What seemed such a calm and seamless ideal in opposition soon encountered the rough waters of reality in government. There were a few problems. For one, like the Health Service Executive, the 2,000 water-specific employees in the 34 local authorities could not be sacked.

Second, there was going to be political opposition from the left to the charges, as had happened with bin charges two decades previously.

Third, it wasn’t a tax but a charge. When the onus is put on householders to pay, compliance rates won’t be high unless there are sanctions. The television licence and the short-lived household charge should have alerted Hogan to this.

Consultant fees

However, the fateful moment when the rot started to set in came on January 9th, 2014, when Tierney was interviewed by Seán O'Rourke on RTÉ. He disclosed that €50 million had been spent on consultants. It created a furore and hurled the project down a long, slithery snake and no number of ladders could regain lost ground.

It went from bad to worse. Within weeks there were daily stories about bonuses and performance-related pay to employees, a disclosure that 29 of its staff were earning more than €100,000, and a report by John FitzGerald of the ESRI that suggested the extra 2,000 staff could cost Irish Water as much as €2 billion by 2025.

The utility contested this, saying it would have 10 per cent fewer staff by the end of 2015 and would save 14 per cent in operating costs by the end of 2016.

But the die had been cast: it was perceived as another overinflated quango, the kind the Coalition had promised to cull.

In April 2014, the Taoiseach made a political miscalculation when he announced the average family would pay €248 a year. He reckoned the Fine Gael base would find that tolerable.Labour quickly disputed the figure but by May the average bill was confirmed at €240.

There was a tangible metric of its impact that same month: the local elections. Both parties took a hammering, especially Labour. The first bills due in 2014 were deferred until 2015. Hogan went to Brussels denying he had created a mess and saying it was not his job to micromanage Irish Water.

Meanwhile, the strength of the anti-water campaign was seen in the Dublin South West byelection, when Paul Murphy won at the expense of Sinn Féin. It led to the latter party hastily hardening its anti-water charges stance.

The new Minister, Alan Kelly, said Hogan could have done a better job of it. But the solution he brought forward in November was a little like the bank guarantee.

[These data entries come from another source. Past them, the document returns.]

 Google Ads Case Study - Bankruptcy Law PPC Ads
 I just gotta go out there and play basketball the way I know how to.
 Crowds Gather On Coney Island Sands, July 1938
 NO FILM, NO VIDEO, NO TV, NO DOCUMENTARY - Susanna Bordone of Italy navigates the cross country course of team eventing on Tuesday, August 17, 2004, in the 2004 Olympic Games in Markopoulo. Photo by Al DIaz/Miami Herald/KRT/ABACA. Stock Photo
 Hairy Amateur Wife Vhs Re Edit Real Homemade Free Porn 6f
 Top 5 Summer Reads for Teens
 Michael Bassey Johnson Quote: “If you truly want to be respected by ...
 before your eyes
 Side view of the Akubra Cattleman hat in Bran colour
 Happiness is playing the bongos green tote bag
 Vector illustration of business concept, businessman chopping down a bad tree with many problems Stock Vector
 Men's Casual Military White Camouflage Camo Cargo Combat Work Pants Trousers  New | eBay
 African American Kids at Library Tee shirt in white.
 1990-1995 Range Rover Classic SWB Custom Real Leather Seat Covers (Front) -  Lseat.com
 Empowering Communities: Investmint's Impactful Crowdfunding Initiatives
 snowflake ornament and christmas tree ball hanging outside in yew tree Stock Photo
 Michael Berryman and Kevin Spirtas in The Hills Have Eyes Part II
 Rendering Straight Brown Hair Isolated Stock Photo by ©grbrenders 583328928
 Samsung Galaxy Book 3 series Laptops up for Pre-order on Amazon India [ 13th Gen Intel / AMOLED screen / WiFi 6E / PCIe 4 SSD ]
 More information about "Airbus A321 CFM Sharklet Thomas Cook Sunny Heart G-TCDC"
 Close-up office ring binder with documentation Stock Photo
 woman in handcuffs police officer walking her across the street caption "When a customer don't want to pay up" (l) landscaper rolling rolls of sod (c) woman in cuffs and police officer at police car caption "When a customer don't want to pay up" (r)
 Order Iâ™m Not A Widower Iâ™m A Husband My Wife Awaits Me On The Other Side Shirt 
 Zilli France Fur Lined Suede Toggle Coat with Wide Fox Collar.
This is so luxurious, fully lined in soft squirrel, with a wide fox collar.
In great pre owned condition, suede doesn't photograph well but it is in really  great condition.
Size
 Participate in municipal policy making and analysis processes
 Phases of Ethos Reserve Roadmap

It looked great at that moment but was proved to be a bit of a dud over time.

Charges

His ruse was two sets of charges, one for €160 (for a household with one adult) and the other for €260. The lure was a €100 conservation charge for those who registered an interest. For a while, it looked like the Coalition had drawn a line under it.

Its cause was helped by the anti-water campaign shooting itself in the foot. First a megaphone-wielding Murphy was among a crowd that trapped Tánaiste Joan Burton in her car.

Then another activist, Derek Byrne, was caught on video calling President Michael D Higgins a "midget parasite". The in-your- face nature of some of the protests alienated some waverers.

Against that, a mass protest against Irish Water in Dublin in December, at which Sinn Féin reasserted its credentials, attracted well in excess of 30,000. An earlier one in October had seen huge crowds demonstrate around the country.

By 2015 it had become a battle of numbers. A few deadlines for registration had passed. After the latest in February this year, Irish Water claimed 1.23 million had registered (that included about 250,000 who already pay privately for water through group schemes).

There were two big blows in July. The first was the figures that showed only 43 per cent of customers had paid the first quarterly bill, a failure by any standard.

In the spring statement in April, the Government included Irish Water on the balance sheet as a precaution, but it expressed confidence it would pass Eurostat’s market test.

But, as we found out yesterday, that too was a failure.